Top of Available data

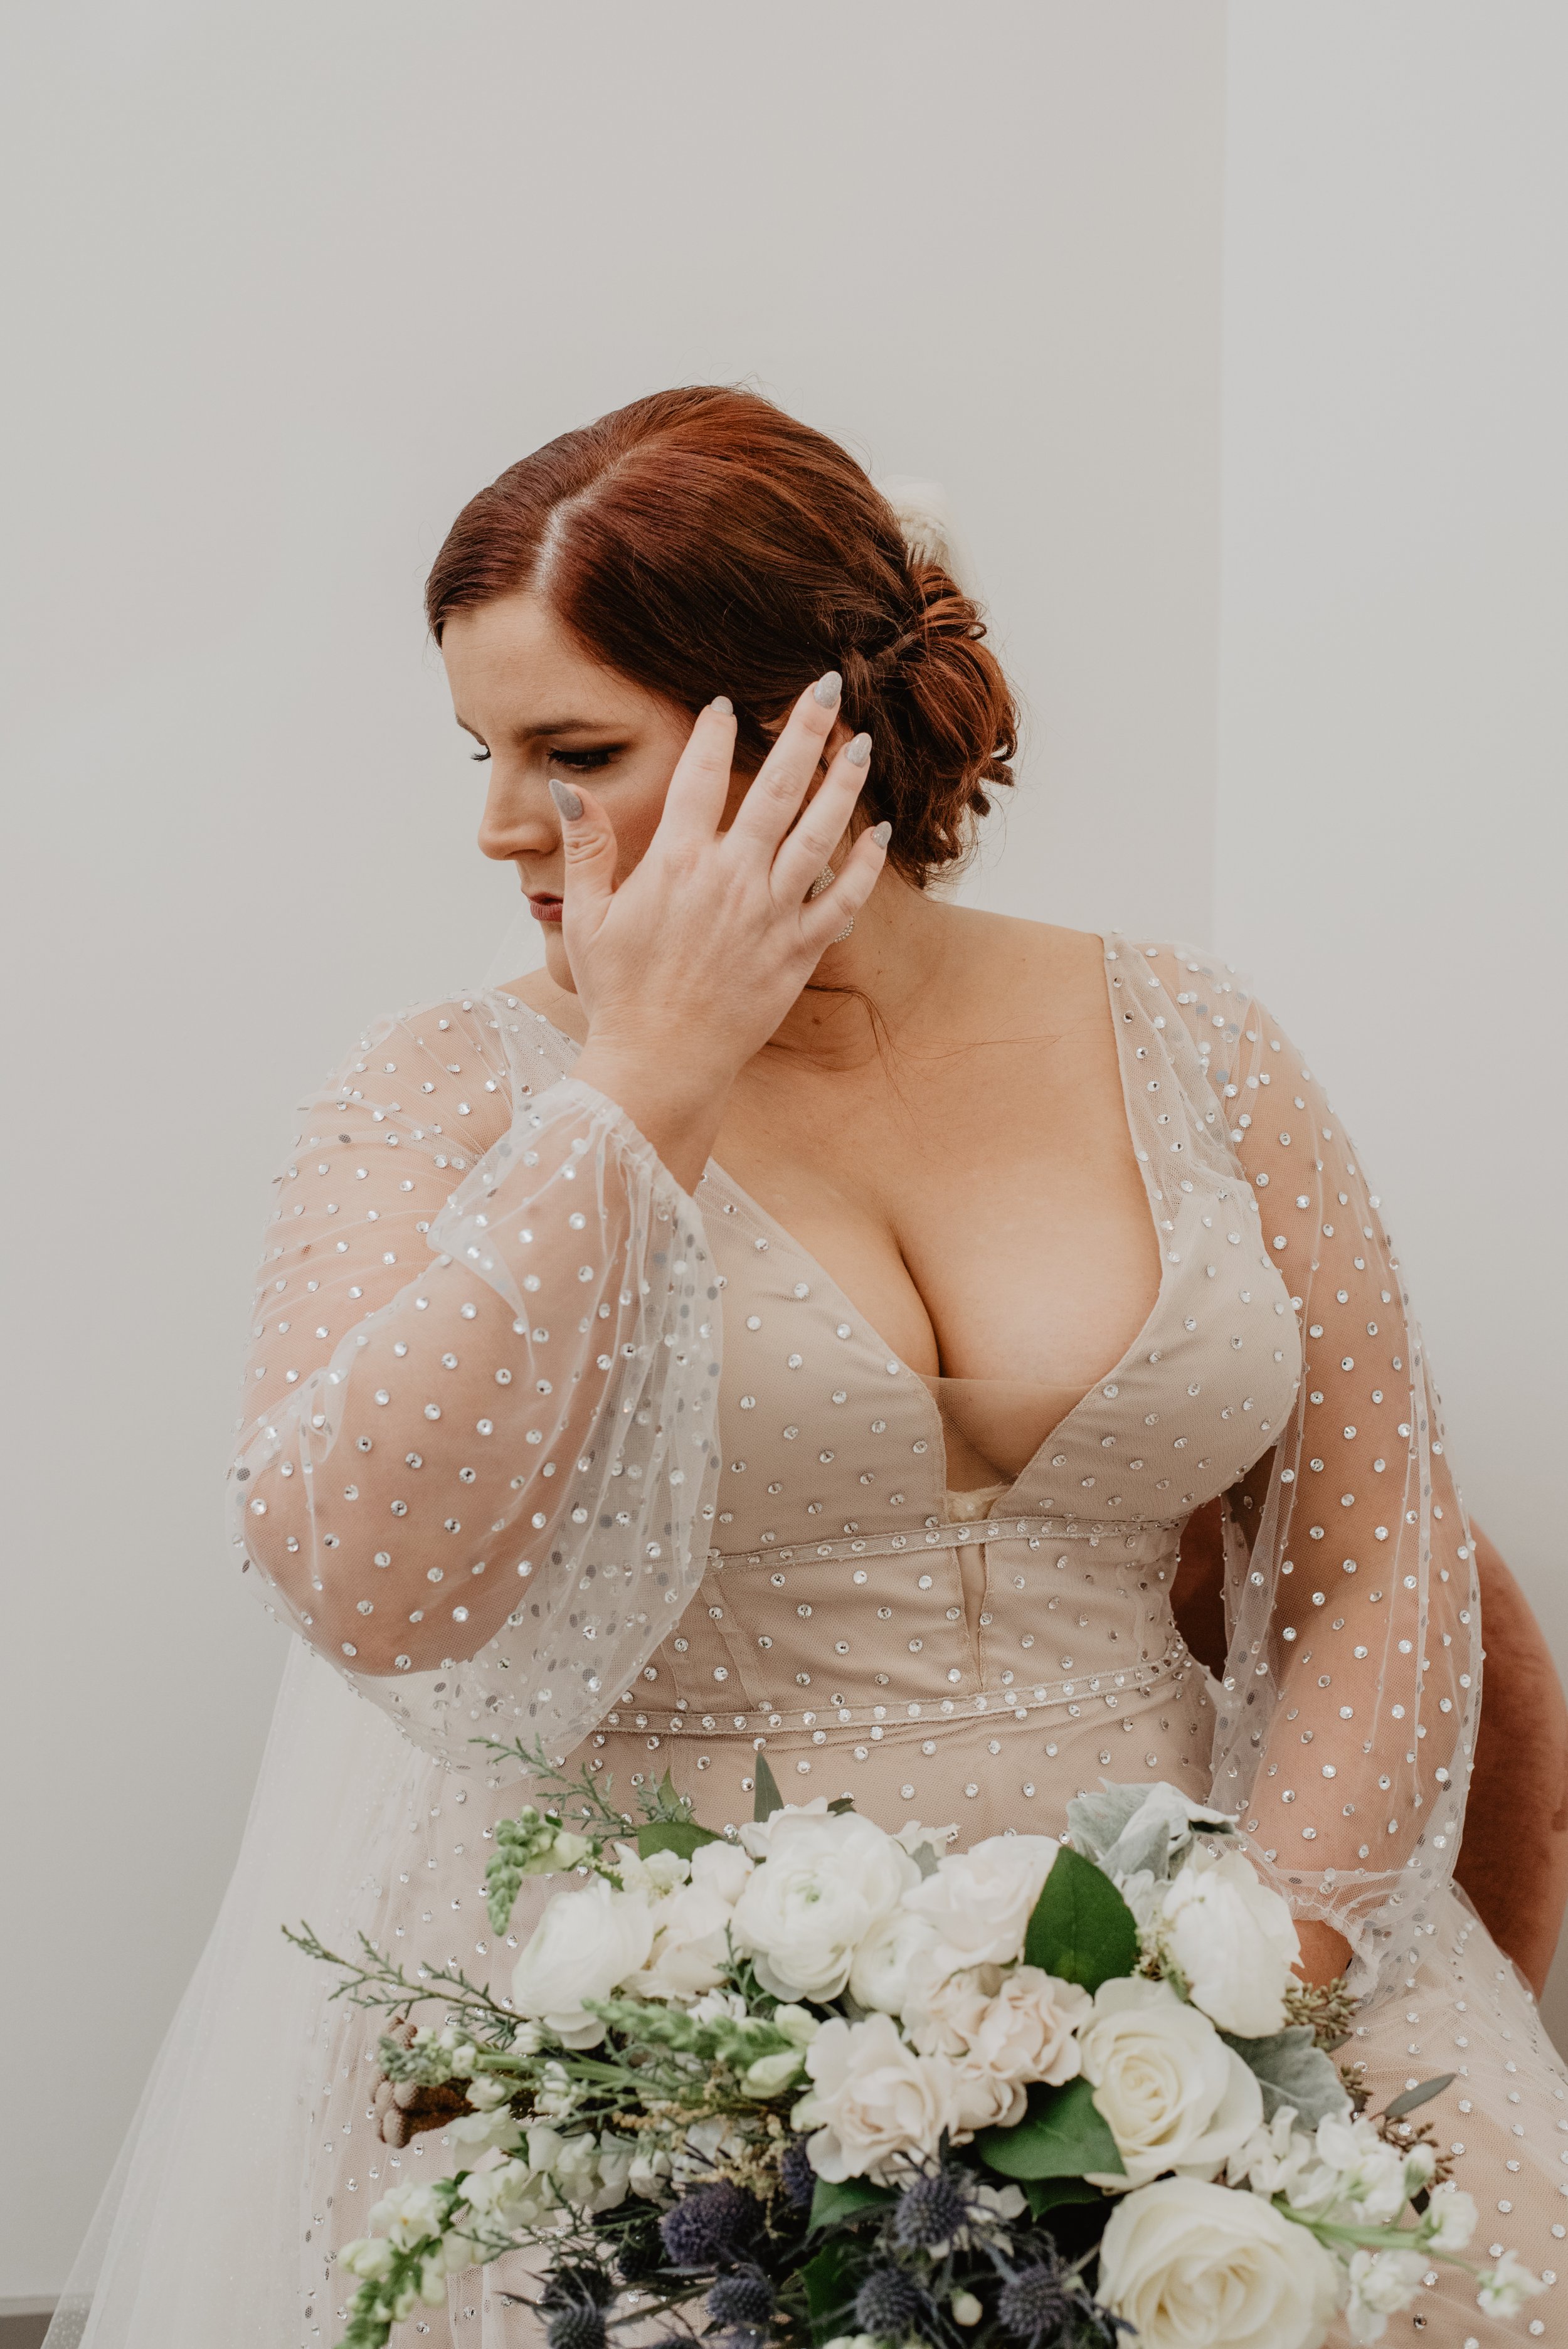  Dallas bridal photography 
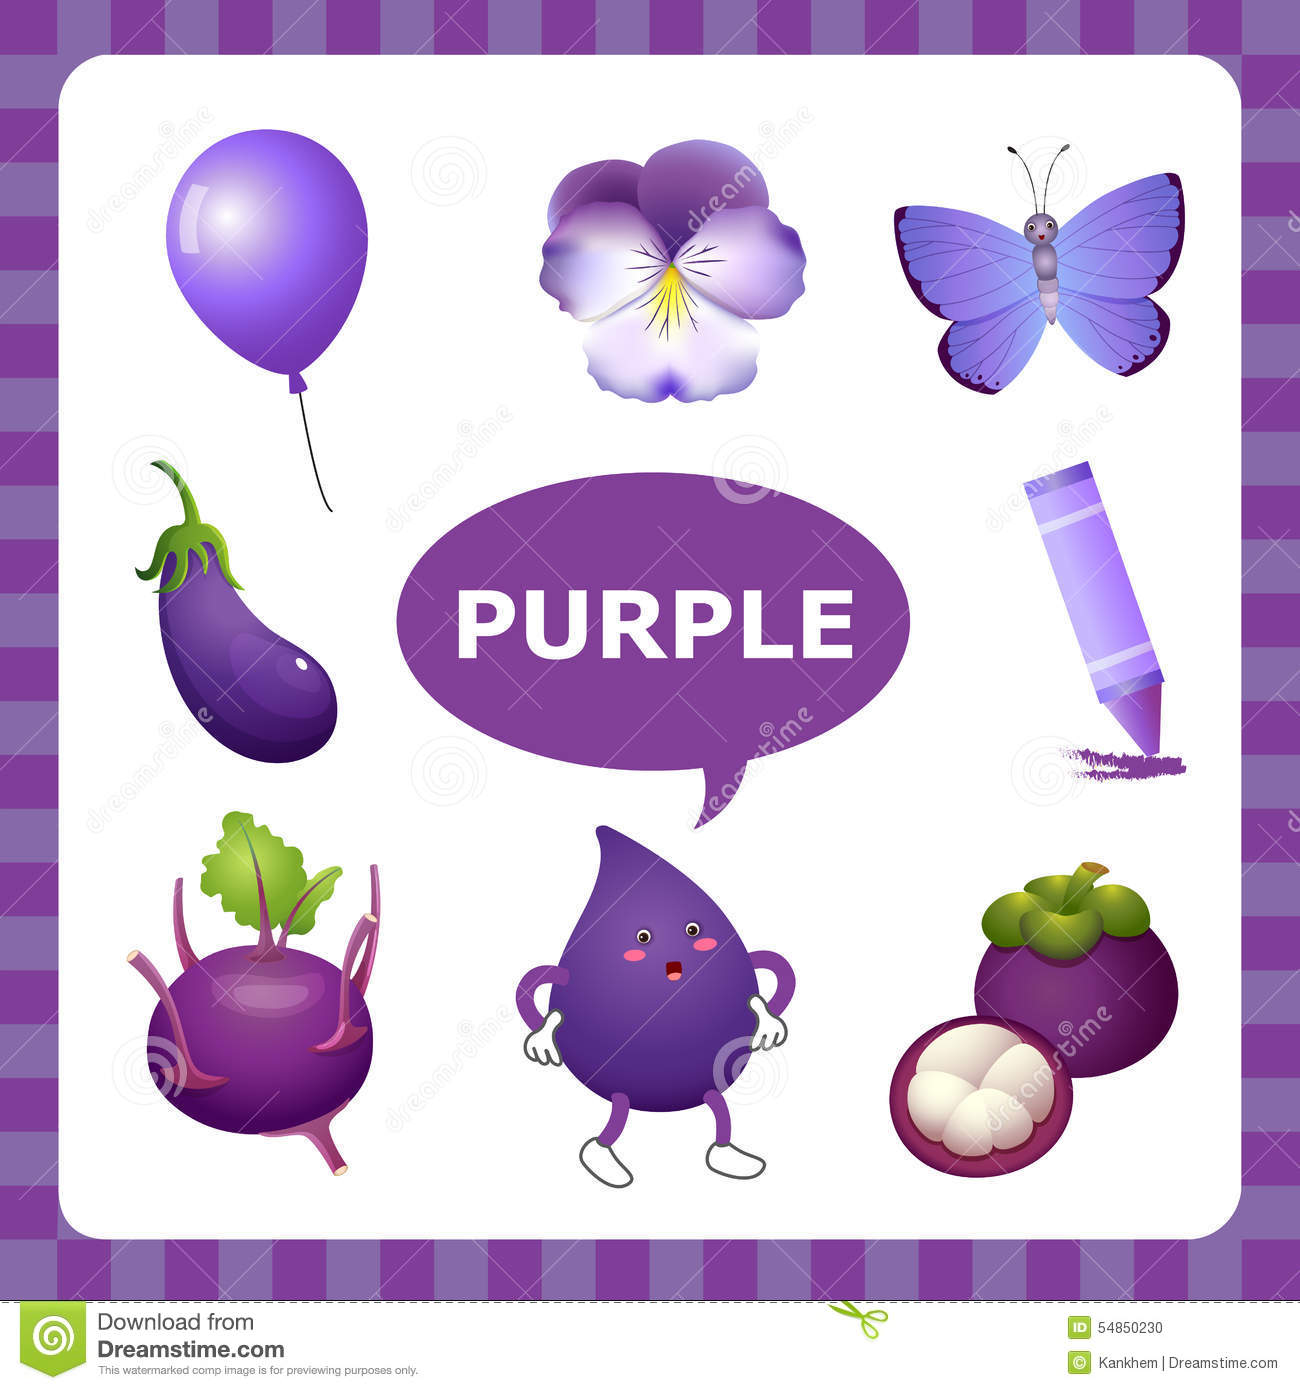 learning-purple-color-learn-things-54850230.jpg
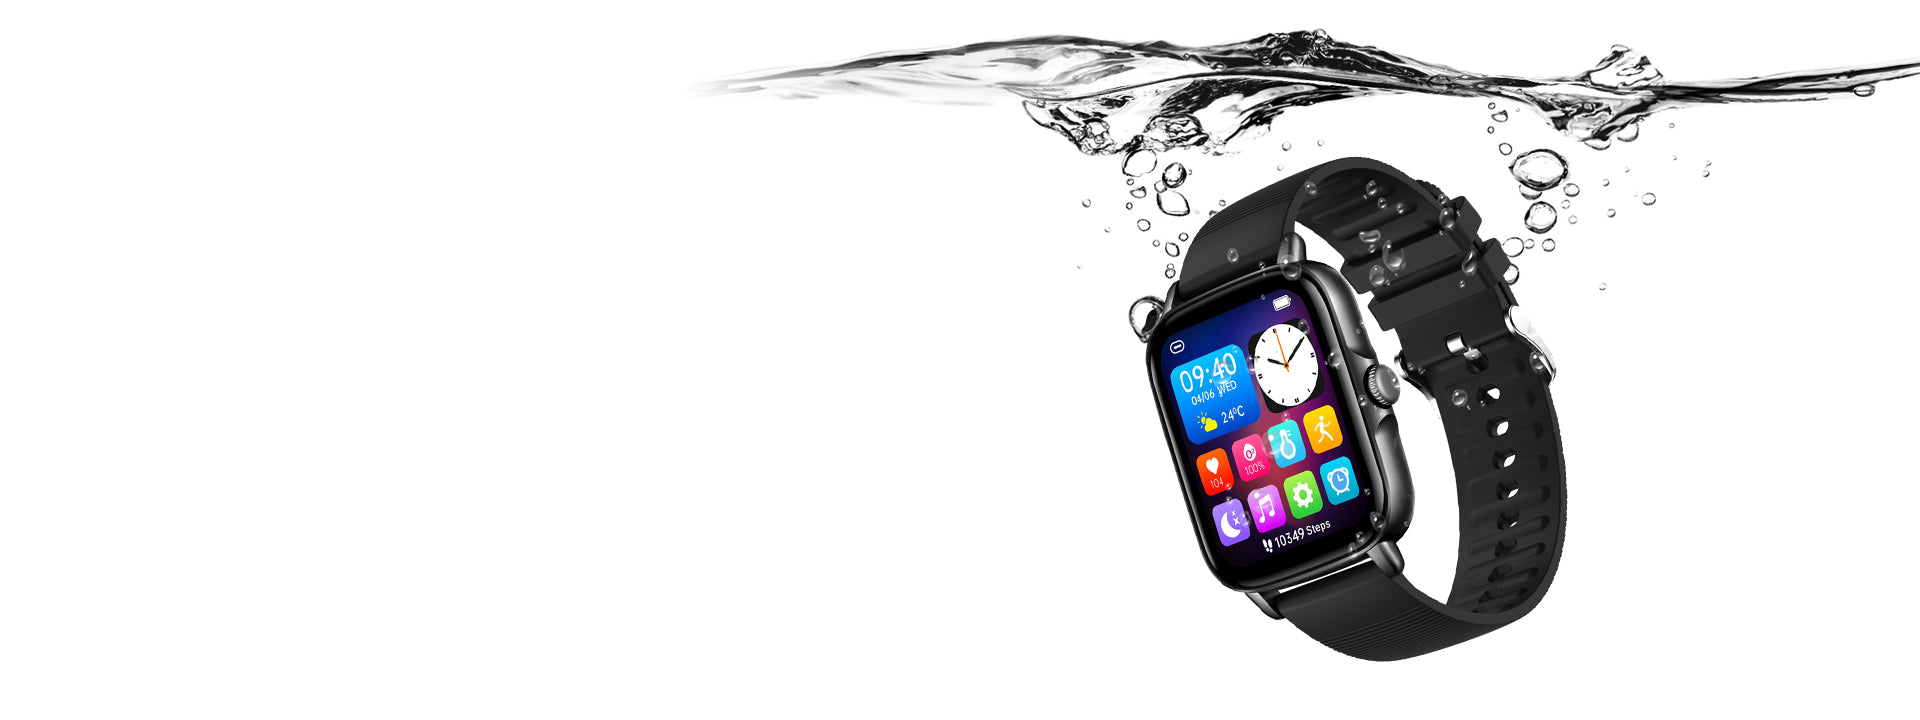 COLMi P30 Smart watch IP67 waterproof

Bottom of Available data

Task prompt :: All that is required is an exact reproduction of the lines from the one containing "learning-purple-color-learn-things-54850230.jpg" to the final line of the listing above, pictures omitted.

Solution ::
 learning-purple-color-learn-things-54850230.jpg
 COLMi P30 Smart watch IP67 waterproof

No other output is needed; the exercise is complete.